Once you’re basic product is retaining users at even the most basic level go full steam with distribution and growth
One way of understanding whether you are ready to grow or not is to use the survey.io survey to identify whether you have achieved product / market fit or not. 40% of a 30 user cohort must answer “very dissapointed” to the question about how they would feel if your product didn’t exist.
Virginia Lee from my product team literally stalked our early users on facebook and linkedin to get their feedback. This must be done.

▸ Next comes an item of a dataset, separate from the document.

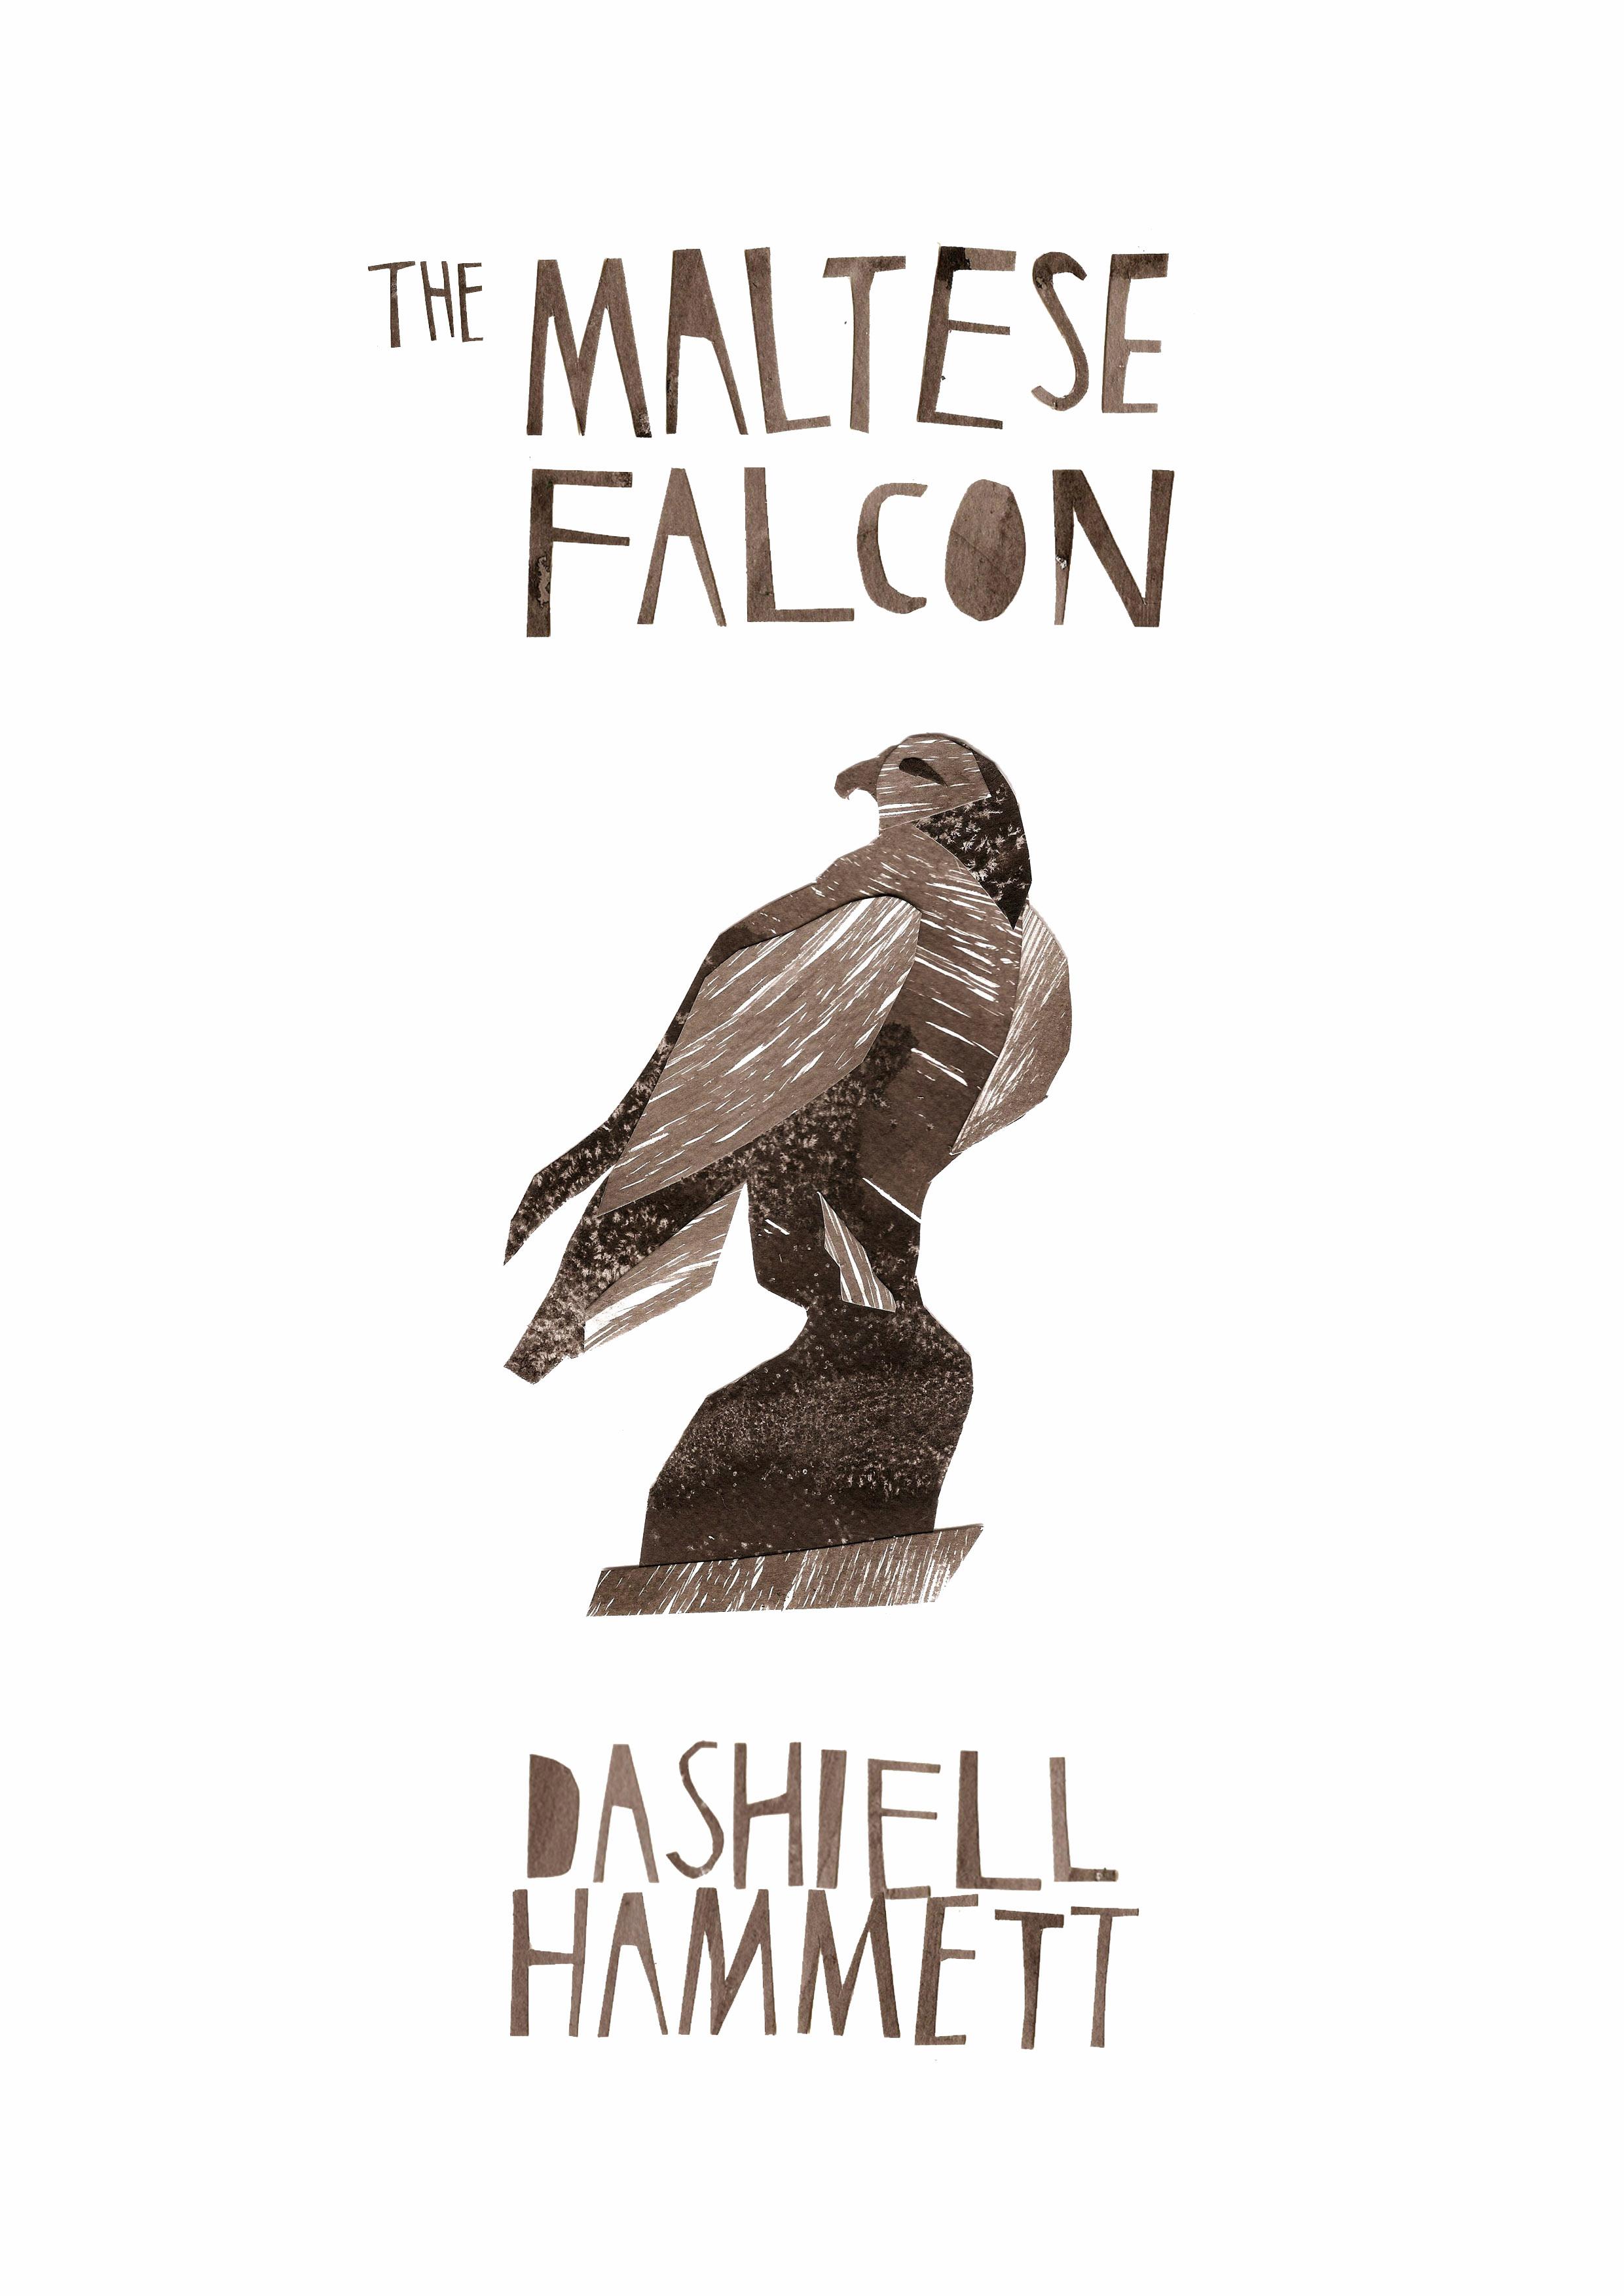 Maltese Falcon text small image

Ours was active users. “active” means they did a conference call that was longer than 5 minutes with more than 2 people on it within the last 30 days. We tracked our % of growth on a weekly and monthly basis.
I think we would have saved ourselves a few months if we had gone to one of these at the very beginning.It not only gets your product out there faster, connects you with really smart mentors but it will also jump start fundraising
It will take you twice as long to raise half as much. We had me (previous exit, published, harvard, decade+ of tech) and my co-founder (e-vite founder w/ exit, berkleymba, several years of biz dev for AOL instant messenger) and it took us about 6 months to raise our seed round. Granted we did a convertible note with a high cap and only took money from pro’s.
Thank you for having meNow please go put a dent in the damn universe by founding startups!